PROBLEM:
Only the lines from the opening of the material through the one containing "2014 Volvo ECR235DL" should be reproduced, each exactly as it stands.

RECORDED DATA:
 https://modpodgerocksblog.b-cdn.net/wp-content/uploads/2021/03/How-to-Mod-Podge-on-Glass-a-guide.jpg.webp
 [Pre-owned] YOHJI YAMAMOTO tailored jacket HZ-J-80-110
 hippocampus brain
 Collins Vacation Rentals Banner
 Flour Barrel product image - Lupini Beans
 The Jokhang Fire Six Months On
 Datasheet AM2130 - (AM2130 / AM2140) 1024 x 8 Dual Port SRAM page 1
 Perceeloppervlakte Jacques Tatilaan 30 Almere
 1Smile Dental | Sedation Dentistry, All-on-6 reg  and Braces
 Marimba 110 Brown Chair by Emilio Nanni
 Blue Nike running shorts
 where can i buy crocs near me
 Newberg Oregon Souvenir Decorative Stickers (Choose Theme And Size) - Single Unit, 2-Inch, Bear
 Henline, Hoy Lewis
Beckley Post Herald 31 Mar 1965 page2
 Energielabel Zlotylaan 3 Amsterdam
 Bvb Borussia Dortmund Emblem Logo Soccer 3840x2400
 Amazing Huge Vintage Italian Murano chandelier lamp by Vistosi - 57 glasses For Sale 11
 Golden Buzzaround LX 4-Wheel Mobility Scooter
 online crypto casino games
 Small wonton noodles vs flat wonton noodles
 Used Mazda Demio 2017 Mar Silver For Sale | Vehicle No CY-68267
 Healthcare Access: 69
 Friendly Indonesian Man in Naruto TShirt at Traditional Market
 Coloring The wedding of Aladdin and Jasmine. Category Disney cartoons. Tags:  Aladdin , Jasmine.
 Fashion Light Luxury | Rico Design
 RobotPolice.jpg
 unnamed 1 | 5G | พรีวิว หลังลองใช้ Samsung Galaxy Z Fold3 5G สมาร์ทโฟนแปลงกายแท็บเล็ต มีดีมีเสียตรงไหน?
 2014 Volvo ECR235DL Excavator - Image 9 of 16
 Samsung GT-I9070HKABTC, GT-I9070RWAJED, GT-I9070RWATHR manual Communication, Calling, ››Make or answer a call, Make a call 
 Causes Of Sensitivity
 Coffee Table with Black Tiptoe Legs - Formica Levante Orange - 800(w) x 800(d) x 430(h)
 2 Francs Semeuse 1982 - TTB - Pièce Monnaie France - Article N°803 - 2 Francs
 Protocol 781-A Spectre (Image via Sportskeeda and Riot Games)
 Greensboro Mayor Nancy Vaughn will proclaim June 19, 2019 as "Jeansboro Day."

ANSWER TO THE EXERCISE:
 https://modpodgerocksblog.b-cdn.net/wp-content/uploads/2021/03/How-to-Mod-Podge-on-Glass-a-guide.jpg.webp
 [Pre-owned] YOHJI YAMAMOTO tailored jacket HZ-J-80-110
 hippocampus brain
 Collins Vacation Rentals Banner
 Flour Barrel product image - Lupini Beans
 The Jokhang Fire Six Months On
 Datasheet AM2130 - (AM2130 / AM2140) 1024 x 8 Dual Port SRAM page 1
 Perceeloppervlakte Jacques Tatilaan 30 Almere
 1Smile Dental | Sedation Dentistry, All-on-6 reg  and Braces
 Marimba 110 Brown Chair by Emilio Nanni
 Blue Nike running shorts
 where can i buy crocs near me
 Newberg Oregon Souvenir Decorative Stickers (Choose Theme And Size) - Single Unit, 2-Inch, Bear
 Henline, Hoy Lewis
Beckley Post Herald 31 Mar 1965 page2
 Energielabel Zlotylaan 3 Amsterdam
 Bvb Borussia Dortmund Emblem Logo Soccer 3840x2400
 Amazing Huge Vintage Italian Murano chandelier lamp by Vistosi - 57 glasses For Sale 11
 Golden Buzzaround LX 4-Wheel Mobility Scooter
 online crypto casino games
 Small wonton noodles vs flat wonton noodles
 Used Mazda Demio 2017 Mar Silver For Sale | Vehicle No CY-68267
 Healthcare Access: 69
 Friendly Indonesian Man in Naruto TShirt at Traditional Market
 Coloring The wedding of Aladdin and Jasmine. Category Disney cartoons. Tags:  Aladdin , Jasmine.
 Fashion Light Luxury | Rico Design
 RobotPolice.jpg
 unnamed 1 | 5G | พรีวิว หลังลองใช้ Samsung Galaxy Z Fold3 5G สมาร์ทโฟนแปลงกายแท็บเล็ต มีดีมีเสียตรงไหน?
 2014 Volvo ECR235DL Excavator - Image 9 of 16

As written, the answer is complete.